You shouldn’t change it just for the sake of it or to mislead people but to turn that piece of content into a new one that makes it more relevant and contextual for the people you want to reach.
The example in the screenshot below from Mashable has a clear headline but how many pieces of content don’t? Mashable also took care of the summary but how often do you seen this isn’t done at all? And what if you changed it? You can add that contextual content yourself to be contextually relevant.
Finally, look at the picture. Mashable mentions Twitter CEO Dick Costolo in the post. What if they had put Costolo’s picture in the original post? Or a visual showing something more relevant instead of the stupid Twitter logo I am forced to show (I can of course how nothing at all) if I would share this? I would at least have a choice.

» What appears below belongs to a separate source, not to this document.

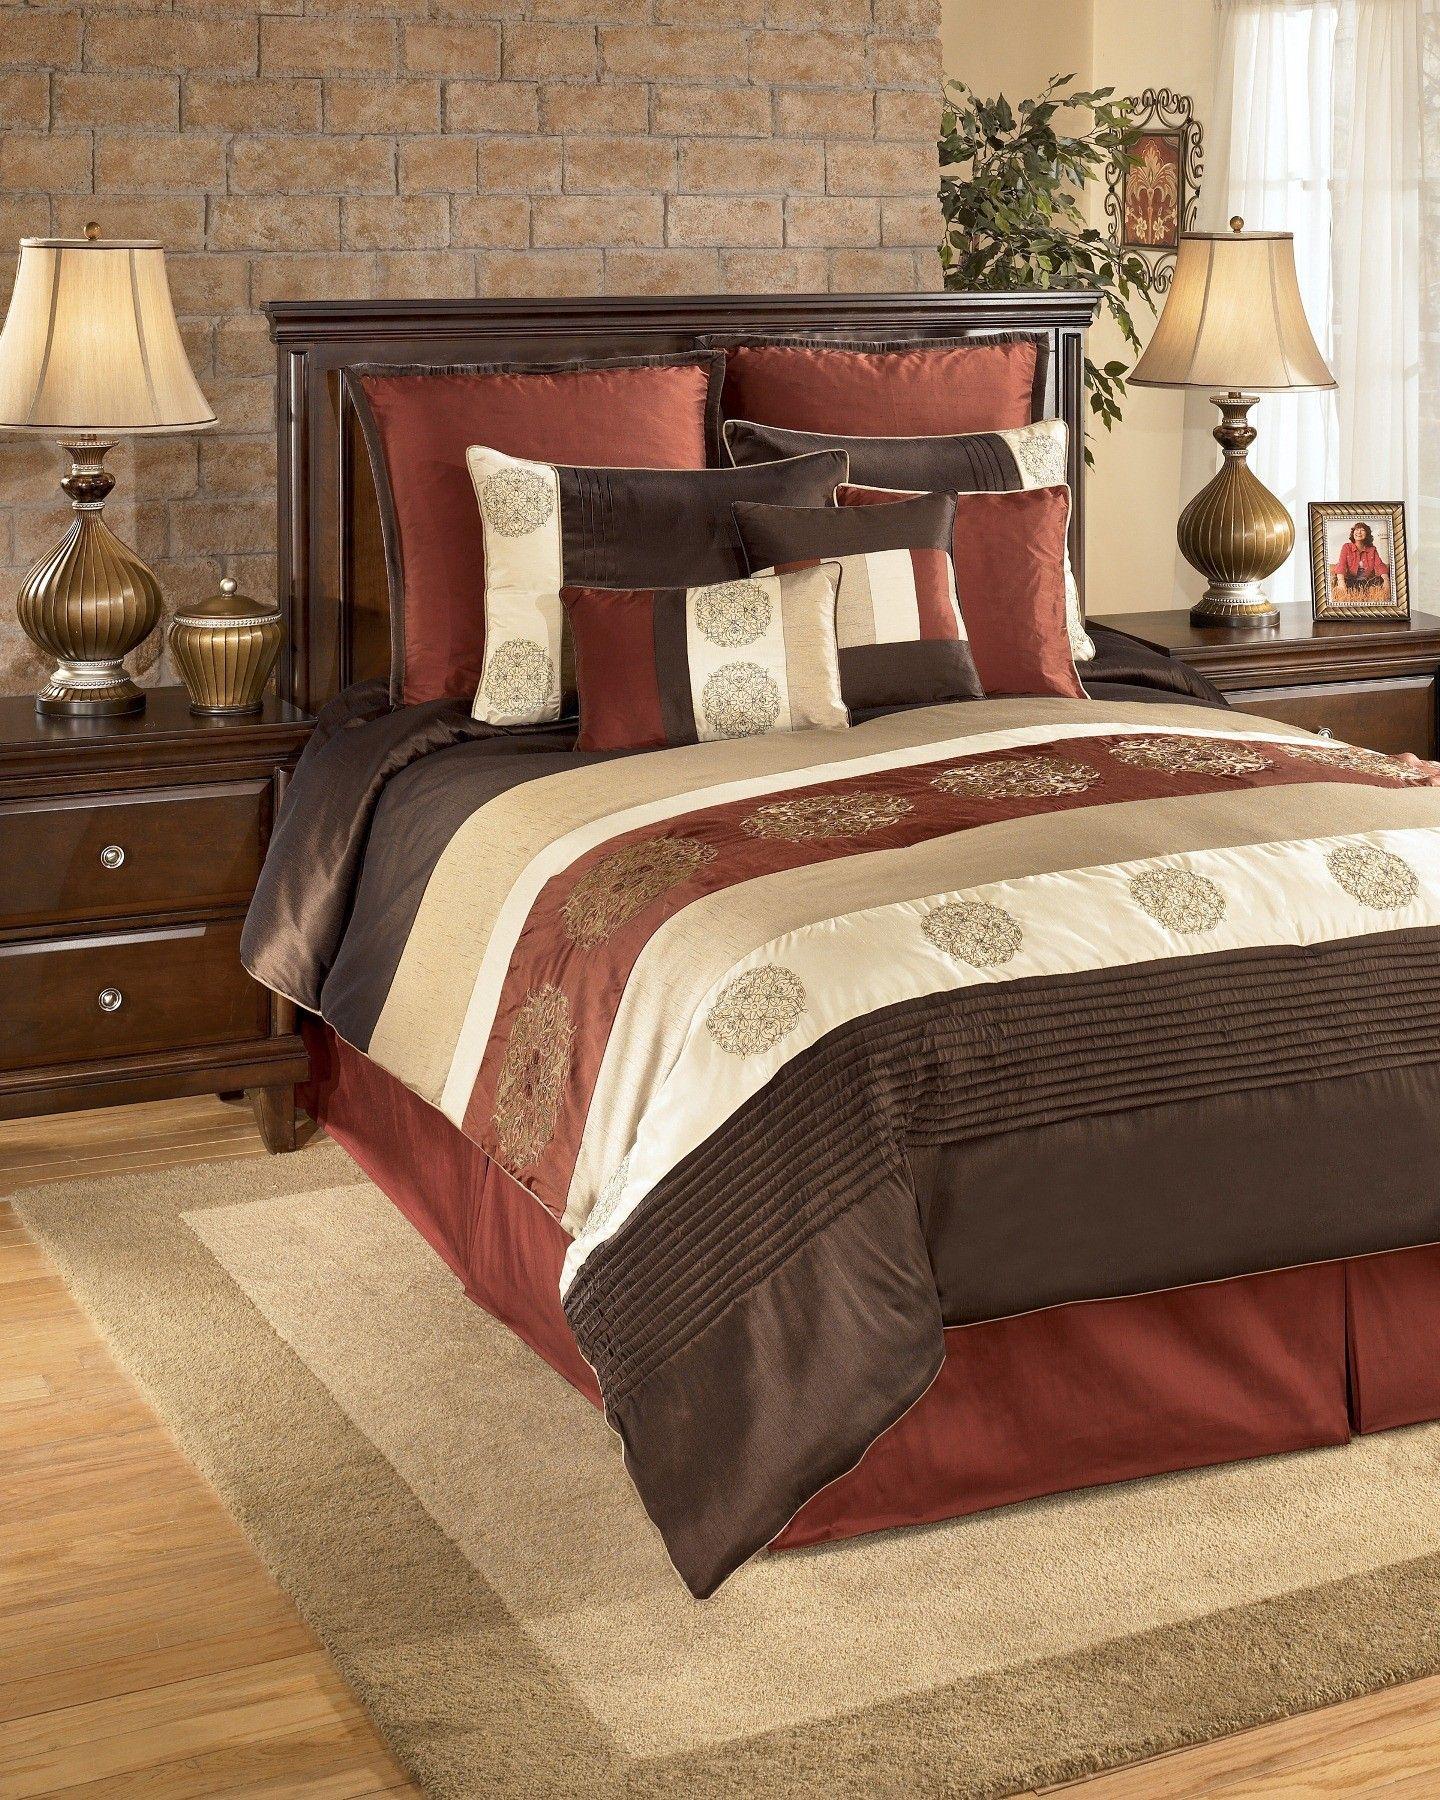 broyhill sofa nebraska furniture mart coasters oversized king size bedding 126x120 milano russett

Looking at all these tiny details might seem over the top. But guess what? It’s easy and pays off to look at them. And conversion is about tiny details, as is relevance. Some people want to see faces and others graphics. Adding them in a Facebook share, for instance, can make what you share a piece of content that serves your goals better and is more relevant for your readers/followers/customers.
Every little chunk of content, including a share, is sacred, as long as it’s contextually relevant. That’s content in context: the context of the “audience”, the interactors at “the other side” and their networks. In the end, it’s about optimization and an integrated view on content marketing and other tactics, around the customer and target segments.